Nuits Bota: le grand écart, de Mauro à Fishbach

D'un concert à l'autre... © Lara Herbinia
Kevin Dochain
Kevin Dochain Journaliste focusvif.be

Plutôt que de faire des choix, dimanche, on a préféré picorer dans tous les plats. Du coup, on a goûté à Cléa Vincent, Mario Batkovic, Sects Tape, Gruppo Di Pawlowski, Fishbach et Hercules & Love Affair. Impressions.

On l’a déjà écrit: cette année, les Nuits du Botanique déroulent l’une de leurs plus belles affiches depuis un moment. Et si les choix cornéliens s’imposent forcément, l’occasion est aussi idéale pour picorer à gauche, à droite et prendre le pouls de la scène avant les grands raouts de l’été, dans le confort du centre culturel. Dimanche soir, on a donc fait le choix de bouffer à tous les râteliers, se baladant de salle en salle.

On commencera par aller voir Cléa Vincent, dont on n’attendait pas grand-chose mais qu’on était curieux de voir si elle méritait ou non le titre de « musicienne qui dynamite la chanson française« . Et si sur disque, la demoiselle fait preuve d’un peu trop de sagesse, la scène donne une tout autre ampleur à ses morceaux.

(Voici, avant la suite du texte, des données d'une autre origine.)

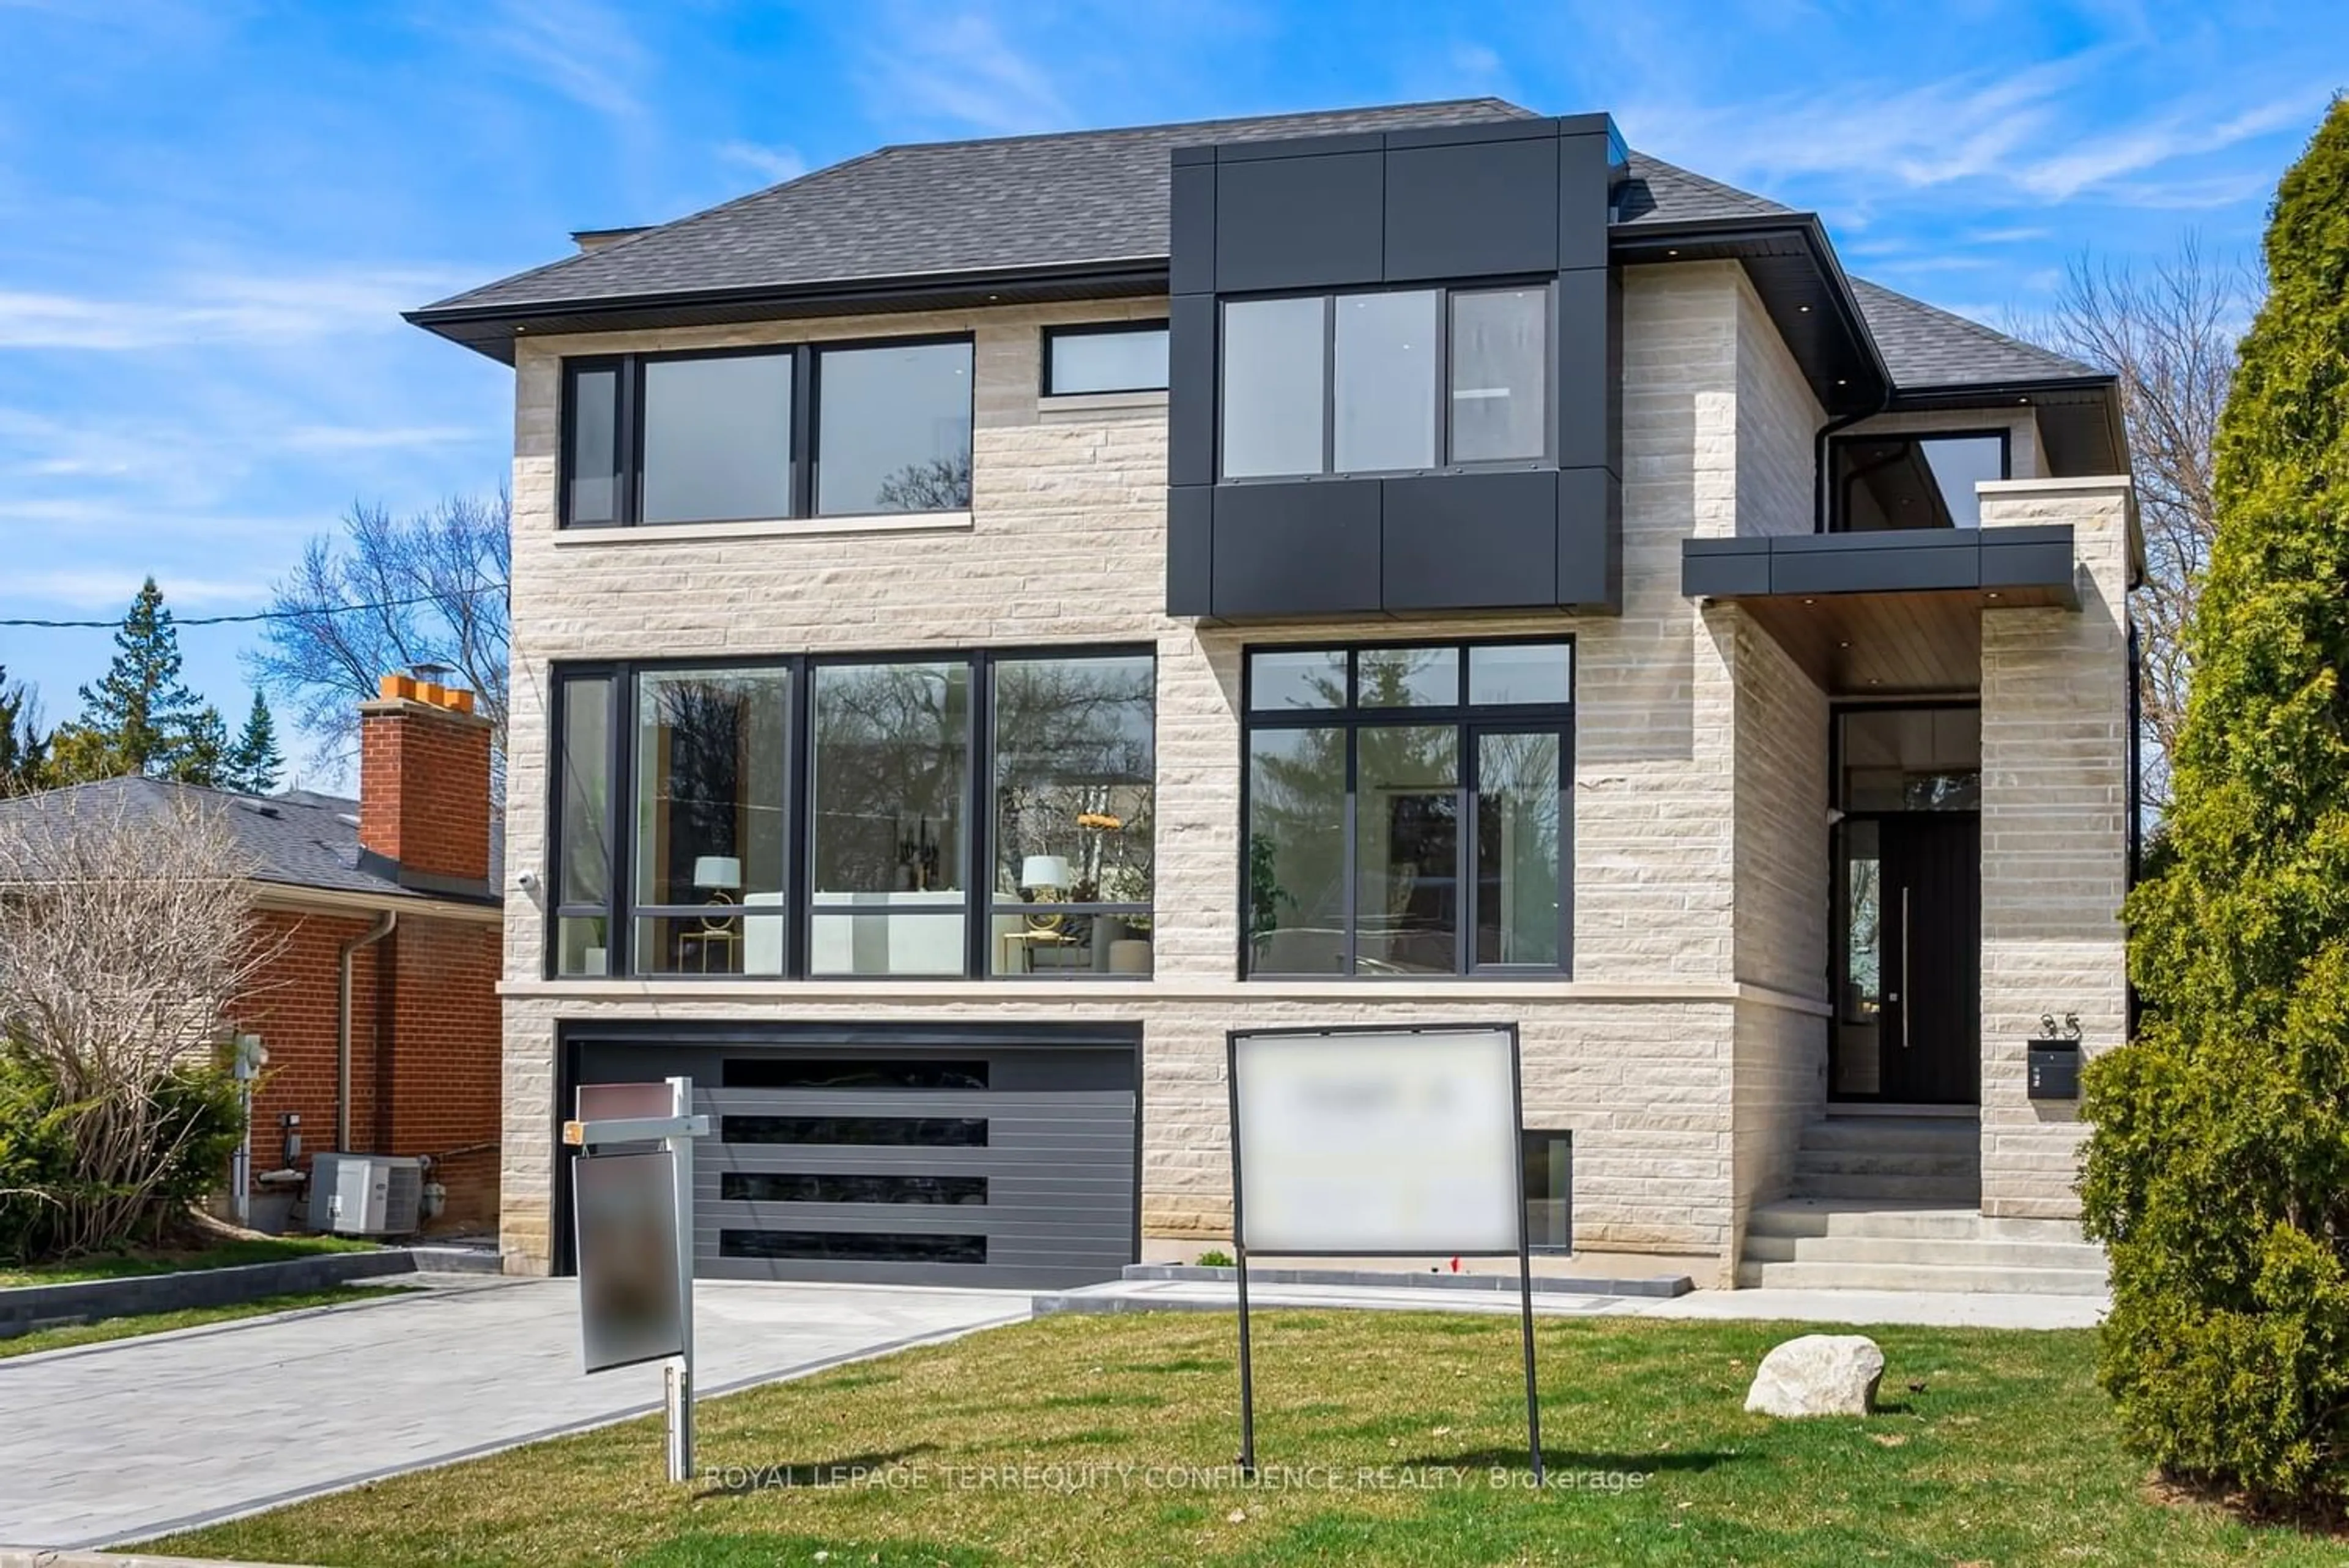 Home with brick exterior material for 35 Crossburn Dr, Toronto Ontario M3B 2Z3

Le quatuor (basse, batterie, deux claviers) groove en diable et emmène ailleurs les textes légers de la Parisienne. Si bien que sous ses airs de France Gall pour génération Y, Cléa Vincent emprunte parfois des inflexions polnaréviennes, des accents proches d’un Sébastien Tellier: ce n’est pas pour rien que son Château perdu, splendide final, nous rappelle quelque peu la Ritournelle de ce dernier…

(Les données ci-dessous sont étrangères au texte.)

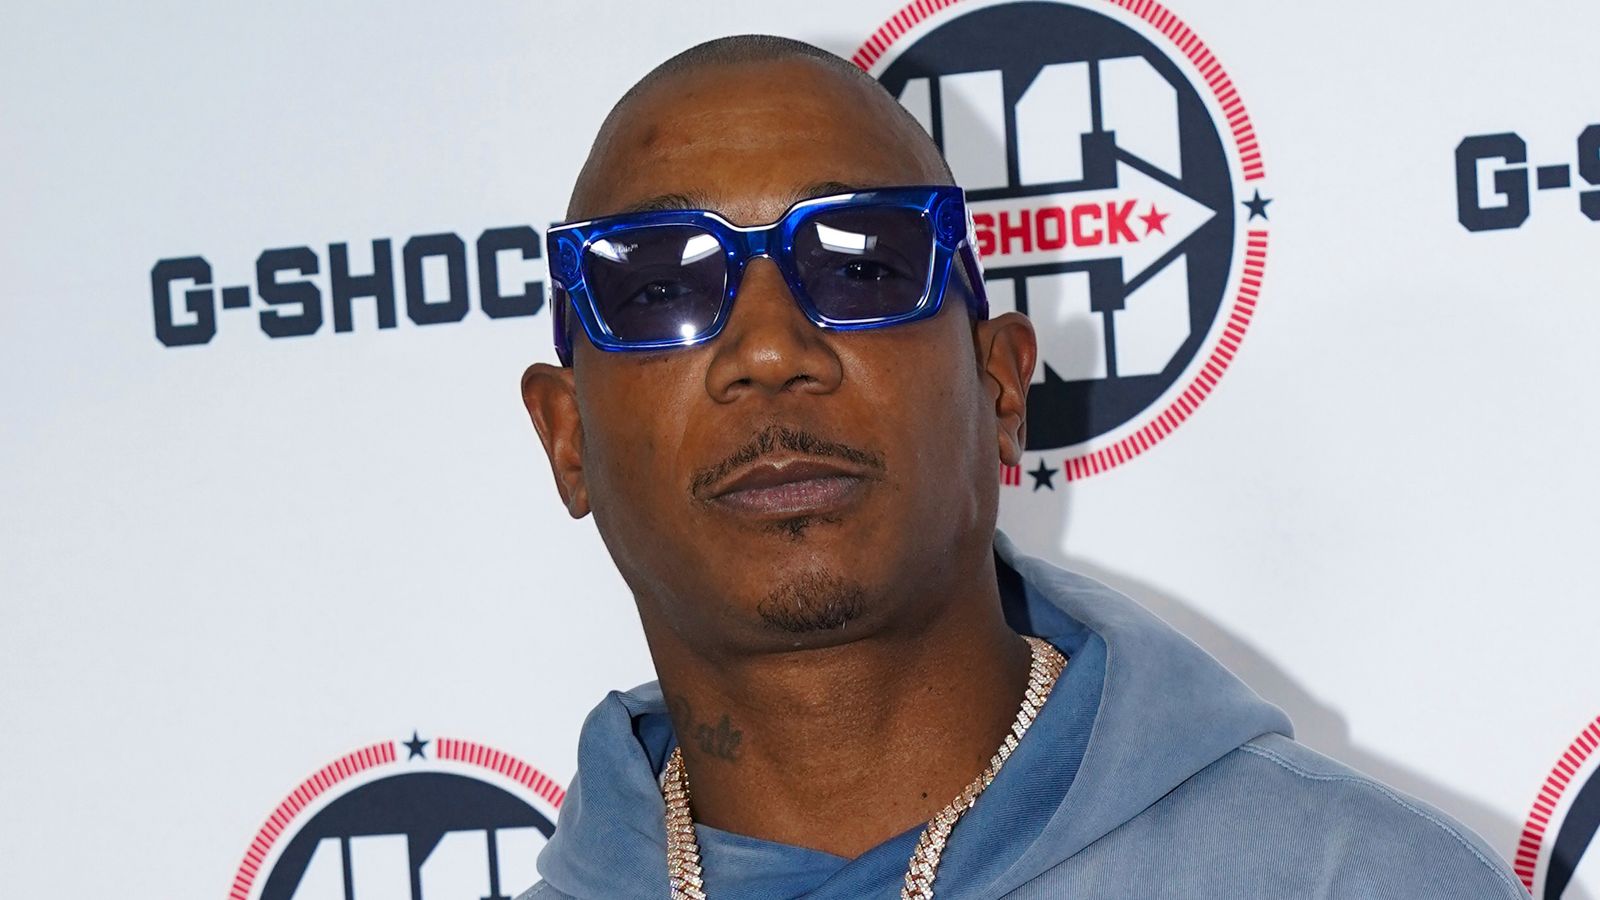 Ja Rule denied entry to the UK - days before tour starts

Grand Salon de Concert, dimanche 14 mai 2017
Grand Salon de Concert, dimanche 14 mai 2017© Olivier Donnet

Comme on ne comptait en voir qu’un petit morceau mais qu’on n’a pas réussi à décoller avant la fin du concert, on ne verra ensuite que la fin de celui de Mario Batkovic. Le Bosnien de Suisse, protégé de Geoff Barrow de Portishead, réinvente l’accordéon de fulgurante manière: si d’habitude, on est plutôt du genre à classer le piano à bretelles du côté des instruments insupportables, pas loin des cornemuses et autres binious, la performance est ici soufflante. Seul en scène, Batkovic occupe autant l’espace qu’un groupe complet, sort des basses d’outre-tombe, hypnotise en donnant une dimension tribale à son instrument qui prend des sonorités presque électroniques. Et dans l’intimité du Grand Salon de Concert, on ressent chaque respiration. Le tic-tac métronomique de ses doigts sur le double clavier captive. Beau et enivrant.

Beau, ce n’est pas le qualificatif qui colle le plus à la peau de Sects Tape par contre. Mais les mecs envoient du bois, encagoulés dans leurs cônes KKK roses fluo. C’est bas du front, punk à souhait, c’est direct et tranchant et très drôle à la fois. Les Tournaisiens remportent par ailleurs la palme de la meilleure sortie de scène, laissant chacun à son tour tomber son instrument pendant que le chanteur bénit chaque spectateur individuellement. Join the Sect!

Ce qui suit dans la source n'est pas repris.